# Baluster profile for porch posts?



## beevis (Jul 30, 2010)

Hi Gang,

So, I own a 1913 Victorian cottage. The railings are original and are some kind of geometric/art deco looking pattern out of 2X2s. The posts, however, are a lovely turned profile. 
I've always wanted to replace the geo pattern with turnings.

Now I've built my back porch addition and turned a post on my Fay & Scott to match the profile on the front porch.

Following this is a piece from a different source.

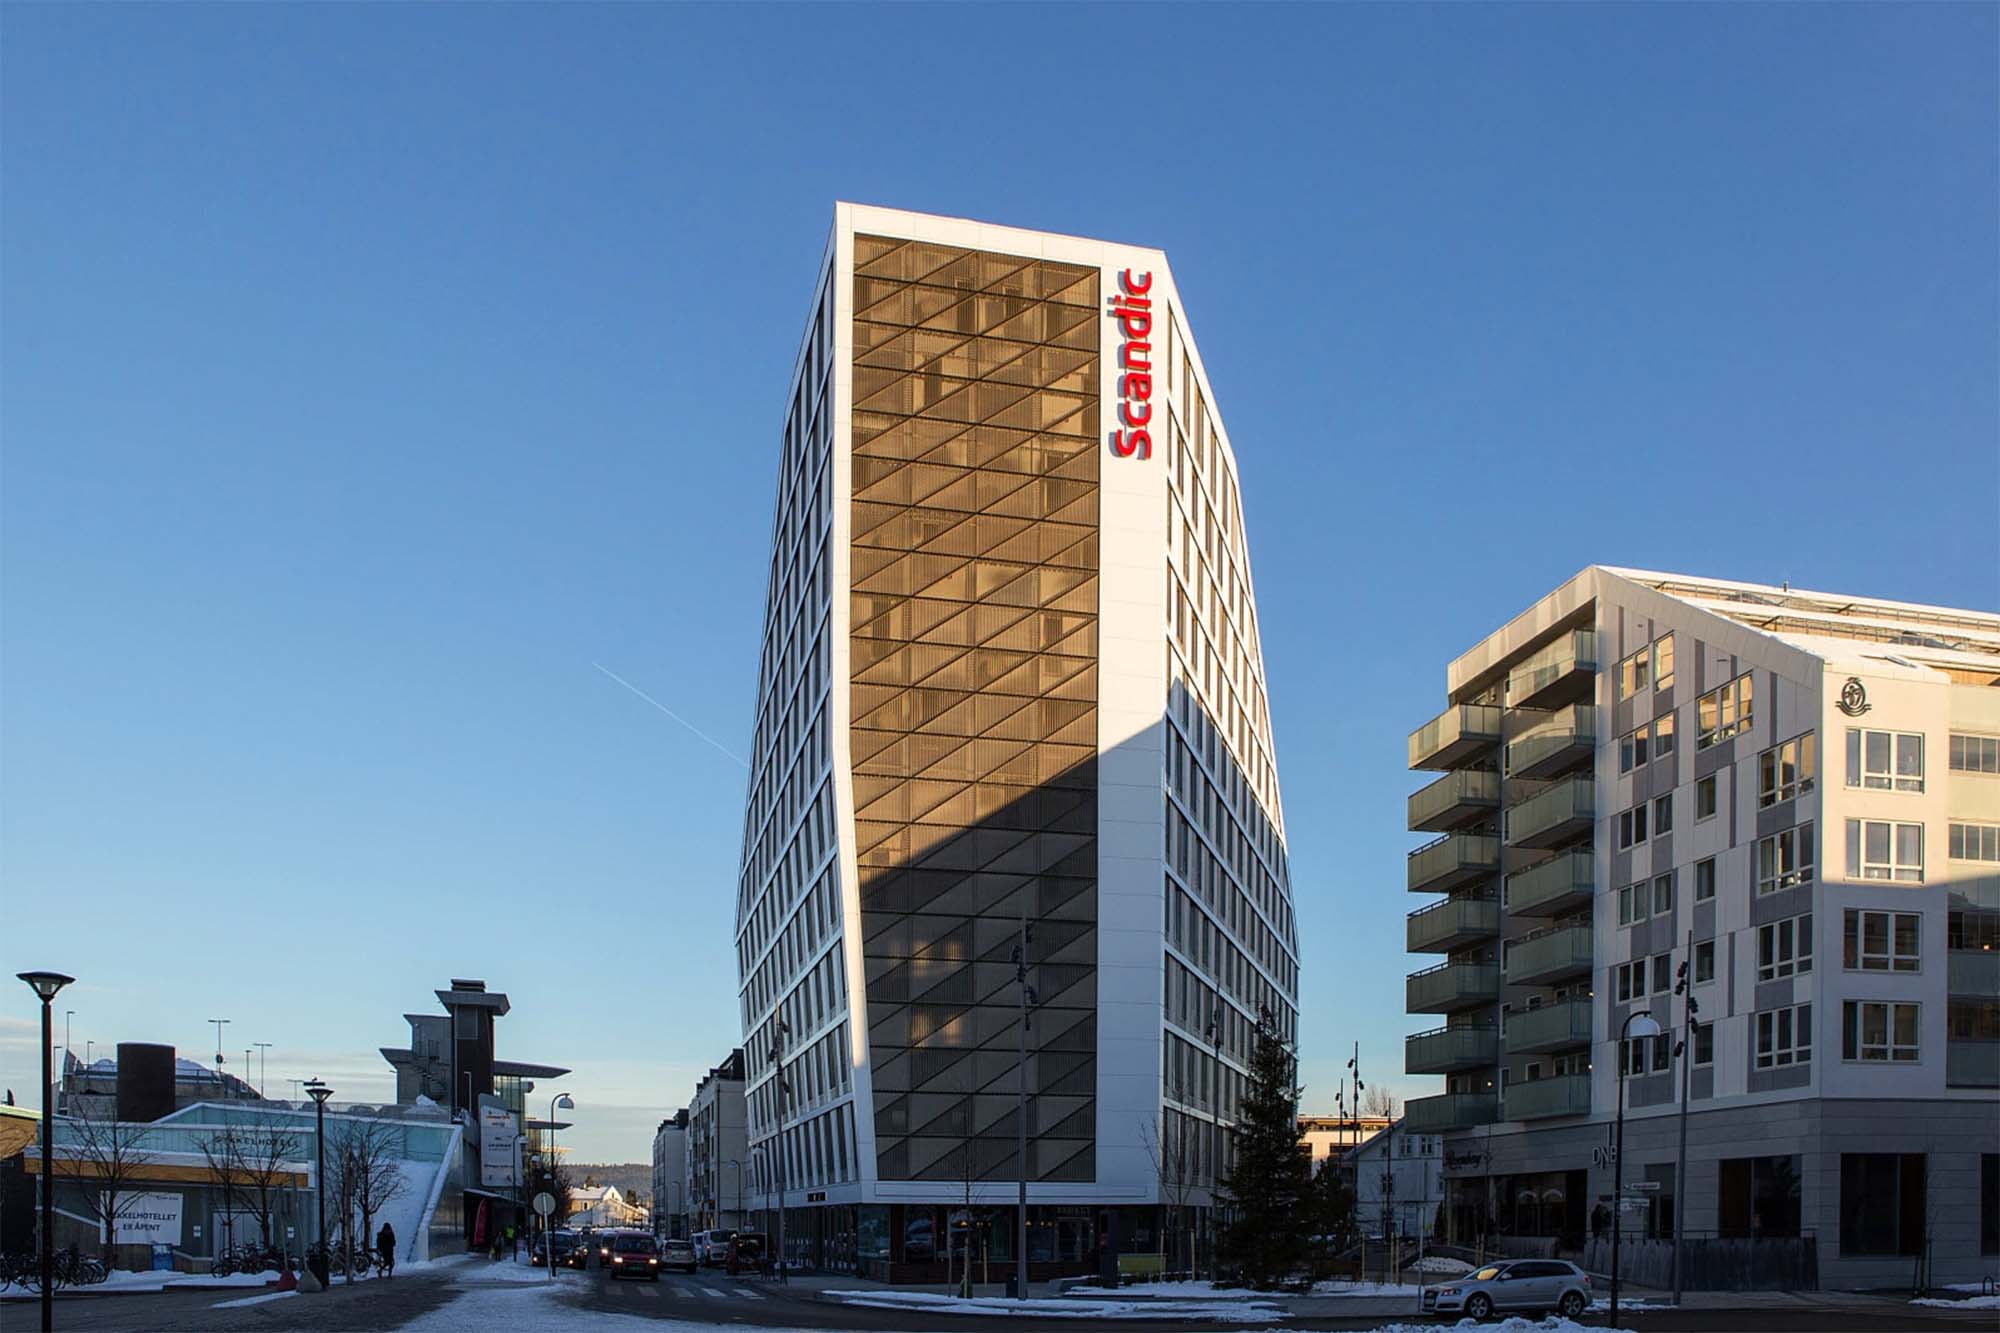 Fasadebilde av Scandic hotell på Lillestrøm

I'm wondering what kind of profile you guys would recommend to compliment the post. I suppose it could be a scaled down replica of the post itself? I've never seen this, though. 
Do you think it's important that the balusters have something in common with the profiles on the post?

Attaching some pics:









The lower section.









The upper section









Installed.

And here is how the existing railings look. (Maybe I should leave well enough alone and copy this on the back porch. Though they are in rough, heavily leaded condition.)









Thanks guys.


----------



## TheDane (May 15, 2008)

Ben … Not sure if I would try to replicate the complete post on the stiles. I think I would use scaled-down versions of some elements (like the pummels) and try to keep the stiles a little simpler. I do think turned stiles would be a lot better looking than what they installed.


----------



## Wildwood (Jul 22, 2012)

JMHO, go with what you like. Only rules think important is code which dictates spacing between balusters on a porch, deck, or stairs.

Porches can have simple (plain) column posts with ornate balusters.
Porches can have ornate column post and simple balusters.
Porches can have both ornate column post and ornate balusters.

Can find so many examples Victorian porch balusters at Google images.
https://www.google.com/search?site=imghp&tbm=isch&source=hp&biw=1280&bih=652&q=wood+balusters&oq=wood+balusters&gs_l=img.3..0l3j0i5l7.1105.6504.0.6965.14.14.0.0.0.0.119.1595.0j14.14.0....0...1ac.1.21.img.ewu0Uhv3UYs#site=imghp&tbm=isch&sa=1&q=victorian+porch+balusters&oq=+porch+balusters&gs_l=img.1.3.0l2j0i5l2j0i24.1081036.1081925.4.1092098.4.4.0.0.0.0.217.536.1j2j1.4.0....0...1c.1.21.img.GcWEoV2cWrI&bav=on.2,or.r_qf.&bvm=bv.49405654,d.dmg&fp=7c2bd26dac2b595c&biw=1280&bih=652&imgdii=_

I am with Dane not real crazy about front porch balusters. More whimsical than anything else yet easy to maintain.


----------